Range (min … max): 60.212 ms … 93.517 ms ┊ GC (min … max): 0.00% … 0.00%
Time (median): 78.691 ms ┊ GC (median): 0.00%
Time (mean ± σ): 77.909 ms ± 6.788 ms ┊ GC (mean ± σ): 3.85% ± 5.57%
▁ ▃ ▁ ▃▃▁ █ ▁ ▁
▄▁▁▁▄▁▁▁▁▁▁▁▁▄▄▄▄▄▇▇▄▁▄▁▄█▇▁▁▁▄▄▄▄▇█▄█▇▁███▄▄▄█▁▁▁▄▇▁▁▁█▁▁█ ▁
60.2 ms Histogram: frequency by time 89.1 ms <
Memory estimate: 23.48 MiB, allocs estimate: 47.
julia> @benchmark reinterpret(Int16,unique(vec(reinterpret(UInt64, $M')))')'
BenchmarkTools.Trial: 137 samples with 1 evaluation.
Range (min … max): 30.070 ms … 46.186 ms ┊ GC (min … max): 0.00% … 15.62%
Time (median): 36.334 ms ┊ GC (median): 0.00%
Time (mean ± σ): 36.433 ms ± 3.491 ms ┊ GC (mean ± σ): 1.65% ± 4.51%
▁ ▁ ▃ ▁ █▆ ▁▁▃▆ ▁▃▆▁▁▃▁█▃█▁▆▃▁ █ ▃
▄▁█▇▇█▇█▇█▇██▇████▇██████████████▇█▇▁▄▁▄▄█▁▁▇▁▄▄▄▁▁▄▁▄▁▁▄▁▄ ▄
30.1 ms Histogram: frequency by time 46.2 ms <
Memory estimate: 5.96 MiB, allocs estimate: 44.

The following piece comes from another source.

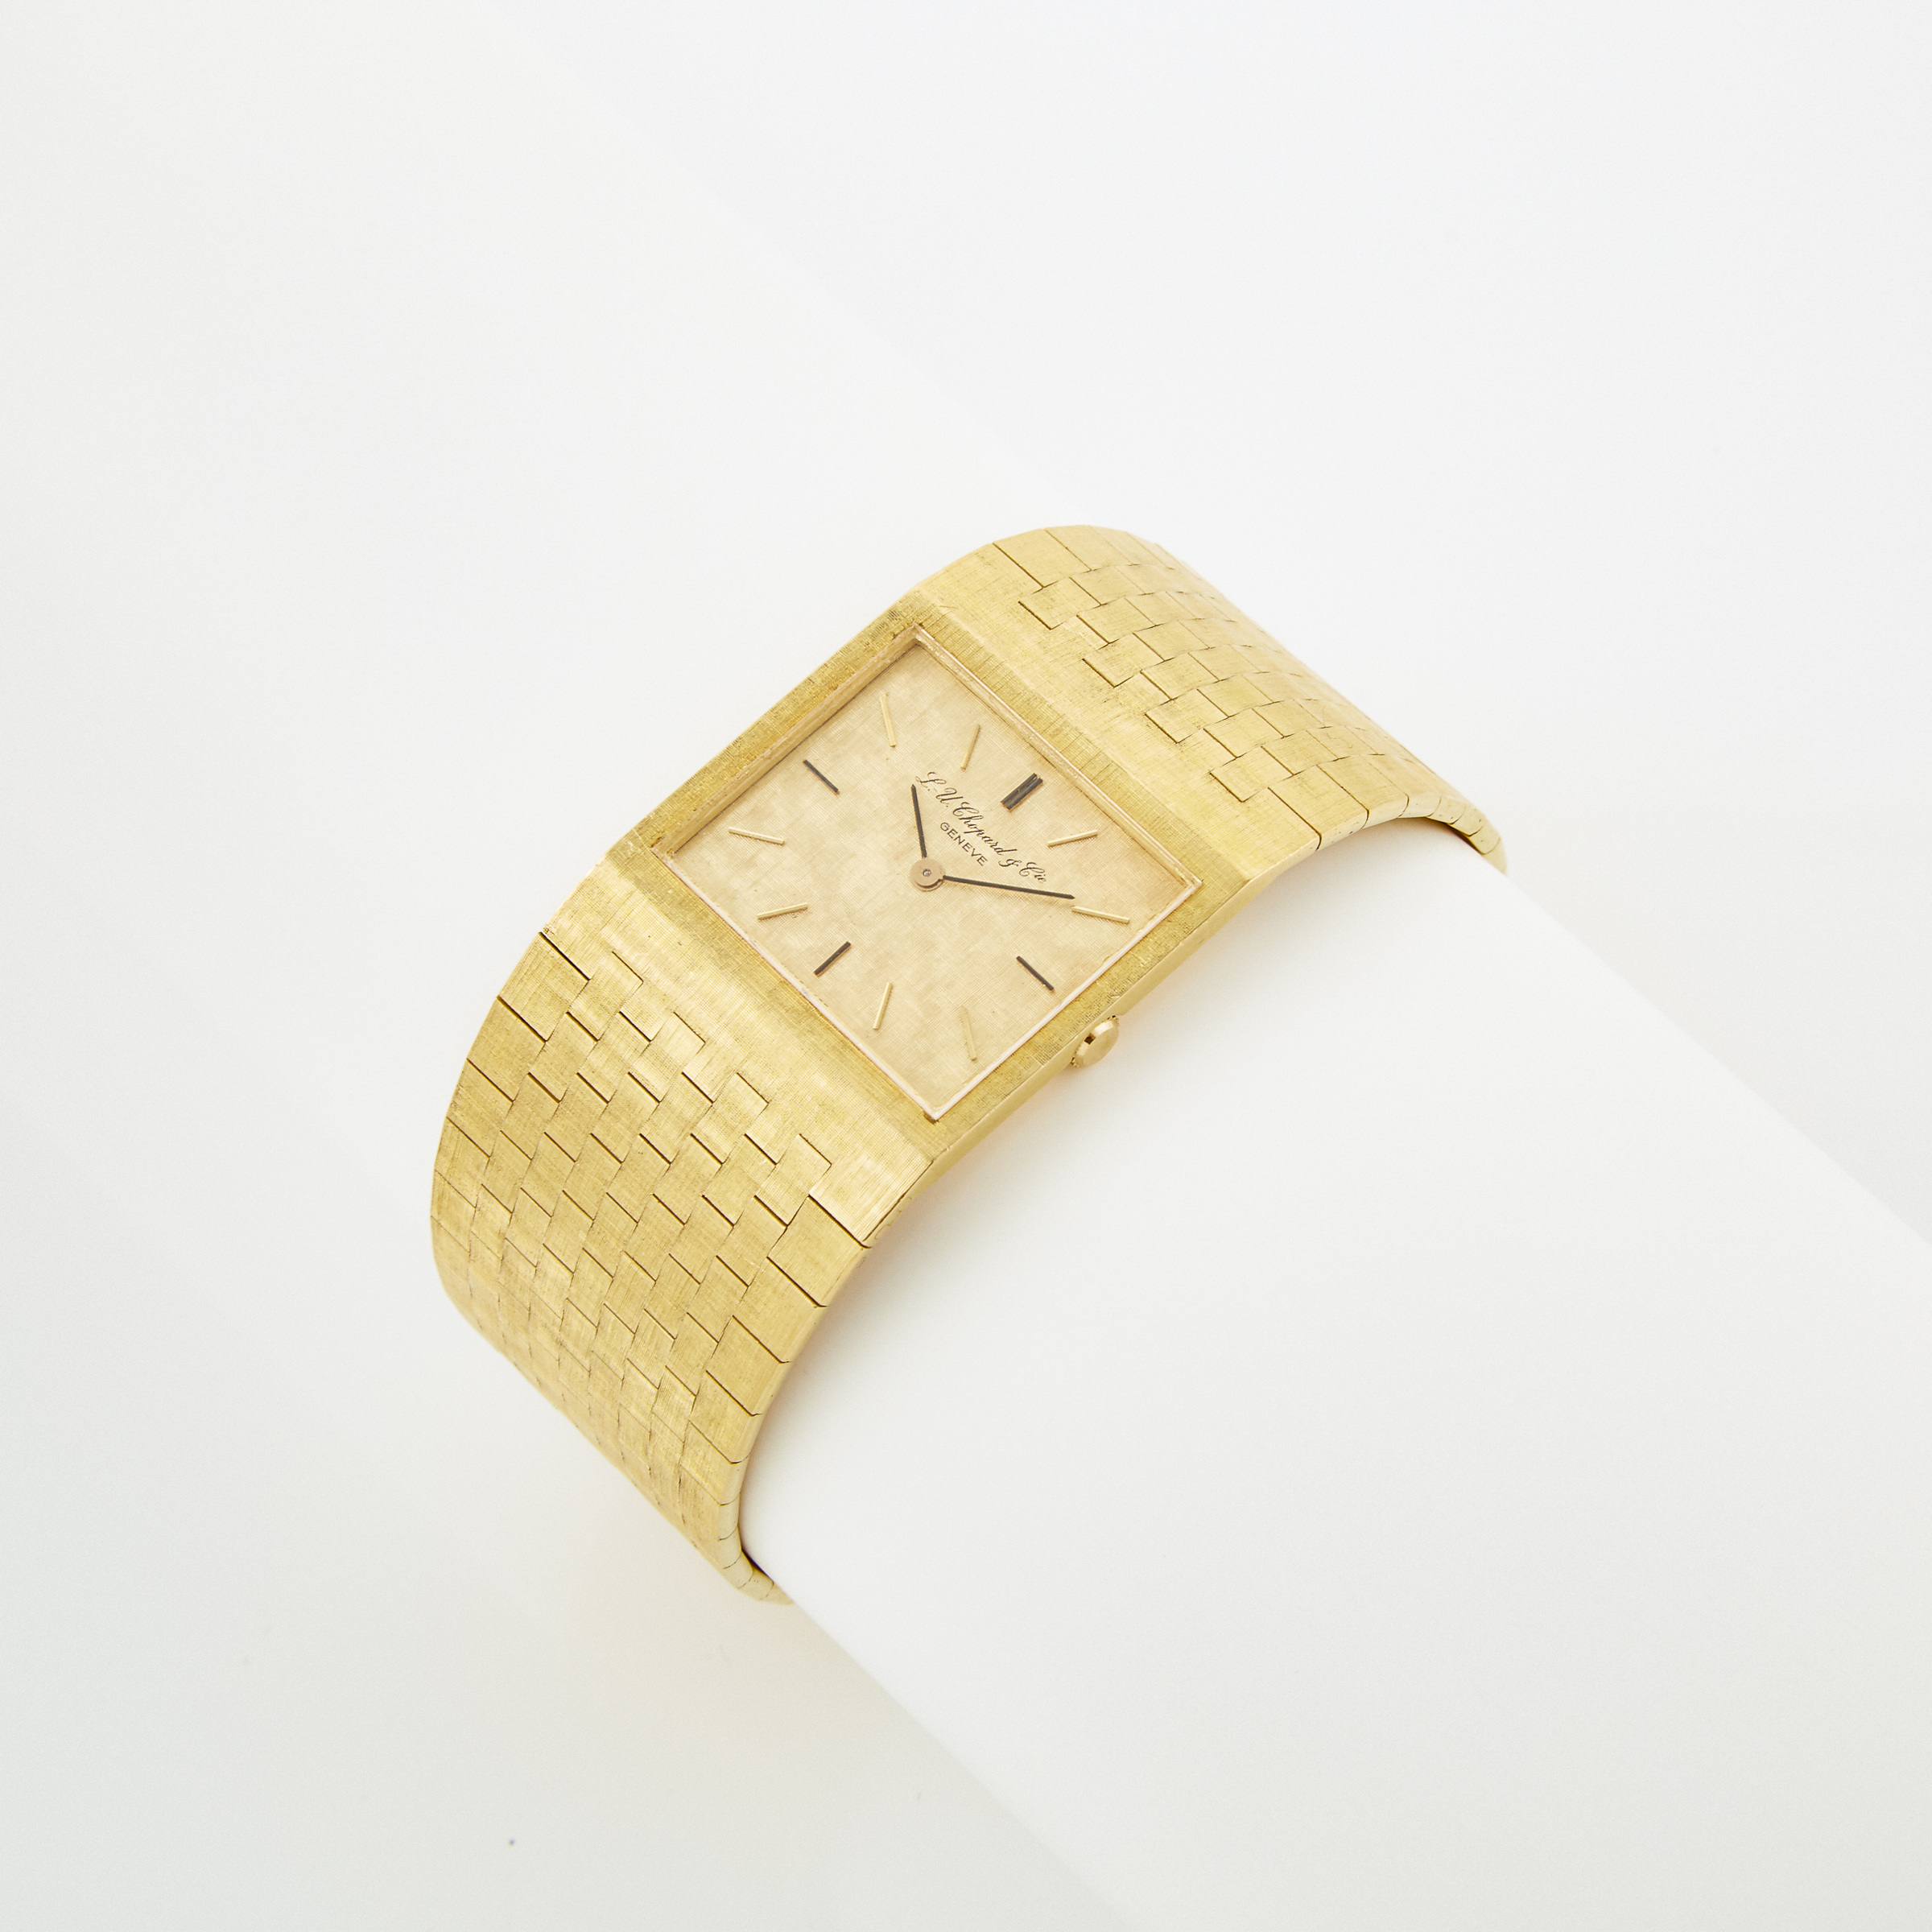 L.U. Chopard & Co. Wristwatch

Since we've made your matrix into a vector, now in principle we could also substitute ThreadsX.unique
, but in my tests so far this turned out not to be faster:
julia> @benchmark reinterpret(Int16,ThreadsX.unique(vec(reinterpret(UInt64, $M')))')'
BenchmarkTools.Trial: 56 samples with 1 evaluation.
Range (min … max): 69.633 ms … 136.835 ms ┊ GC (min … max): 0.00% … 0.00%
Time (median): 80.427 ms ┊ GC (median): 0.00%
Time (mean ± σ): 89.547 ms ± 18.360 ms ┊ GC (mean ± σ): 10.91% ± 13.49%
▄ █ ▁
▆▆▁▄█▇▆█▇▁▇▇▁▆▁▄▁▁▁▁▁▁▁▁▄▄▁▁▁▄▁▁▆▁▄▄▁▁▁▁▄█▆▁▄▄▁▁▁▁▄▁▁▄▁▁▁▁▁▄ ▁
69.6 ms Histogram: frequency by time 131 ms <
Memory estimate: 121.28 MiB, allocs estimate: 3310.